THE UK Health Department announced yesterday via Twitter that Coronavirus was having a disproportionate impact on “certain genders”.
A few people – who had completed junior school biology – immediately wondered what chance the Health Department had of containing a world-wide pandemic when they hadn’t yet worked out there were only two genders.
A ninth-grader told news media: “When the Department says certain genders are more likely to contract Coronavirus, they need to be more specific about which ones.
“And if they are pushed for time, maybe they could just pick one of two available genders that actually exist.”
He added: “The Health Department’s tweet is as embarrassing as it is unscientific. The middle of a pandemic isn’t the time for cringeworthy pandering.
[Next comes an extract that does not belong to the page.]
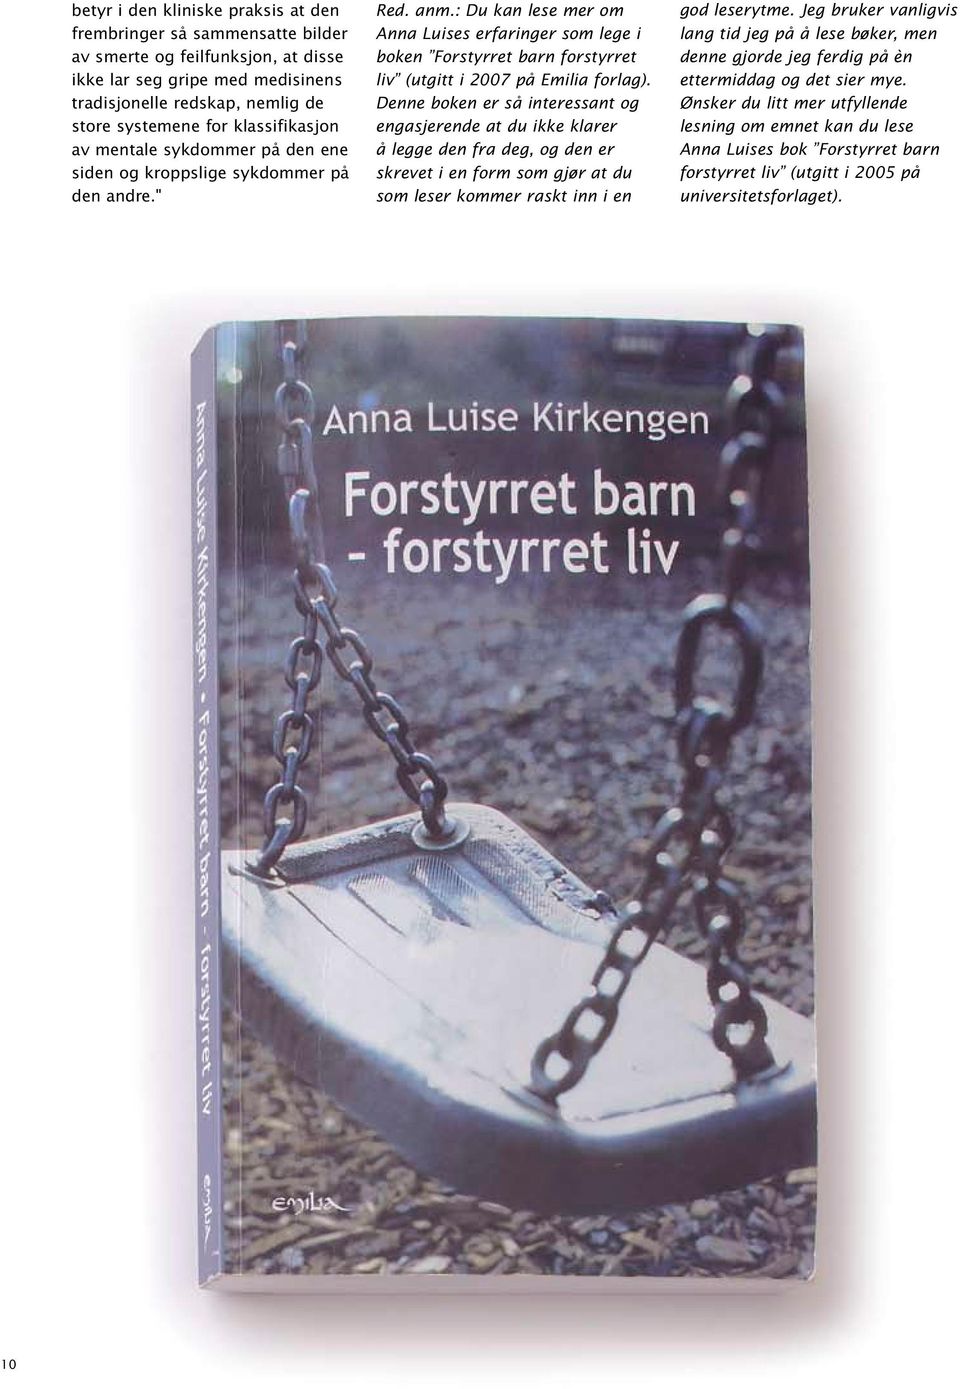 : Du kan lese mer om Anna Luises erfaringer som lege i boken Forstyrret barn forstyrret liv (utgitt i 2007 på Emilia forlag).

The Government shouldn’t ask us to trust them and ‘follow the science’ when they can’t even say male or female.”
Meanwhile, others demanded to know how many genders the Health Department was aware of, and whether any of them had accidentally escaped from a Wuhan laboratory.
Carly Woke, a reporter at the BBC, which last year produced an educational film claiming there were more than 100 genders (that part is true), worried that a pandemic meant pangender people would be particularly vulnerable since both words started with “pan”.
“The modelling is terrifying,” she told viewers from a safe space in the broadcaster’s London studios.
Skye Cadet, head of Gender Studies at Oxford, told the BBC that the Health Department should immediately advise which of the 100 genders was least susceptible to COVID-19 so that everyone could identify as that one.
“This is a huge breakthrough,” she (not their actual pronoun) said.
“If we all stop identifying according to our violently assigned at birth gender and instead identify as, say, non-binary pansexual two-spirit genderqueer women, then we can beat this virus.”
When asked how it was that COVID-19 was able to recognise which socially constructed bias & stereotypes a person was conforming to before infecting them, she insisted: “We just have to trust the science.”
At the time of writing the Health Department had been unable to confirm reports that the virus was only affecting males and females.
Experts pointed out that, if the reports were true, it would mean all other genders imagined by the UK Health Department would seem to have total immunity.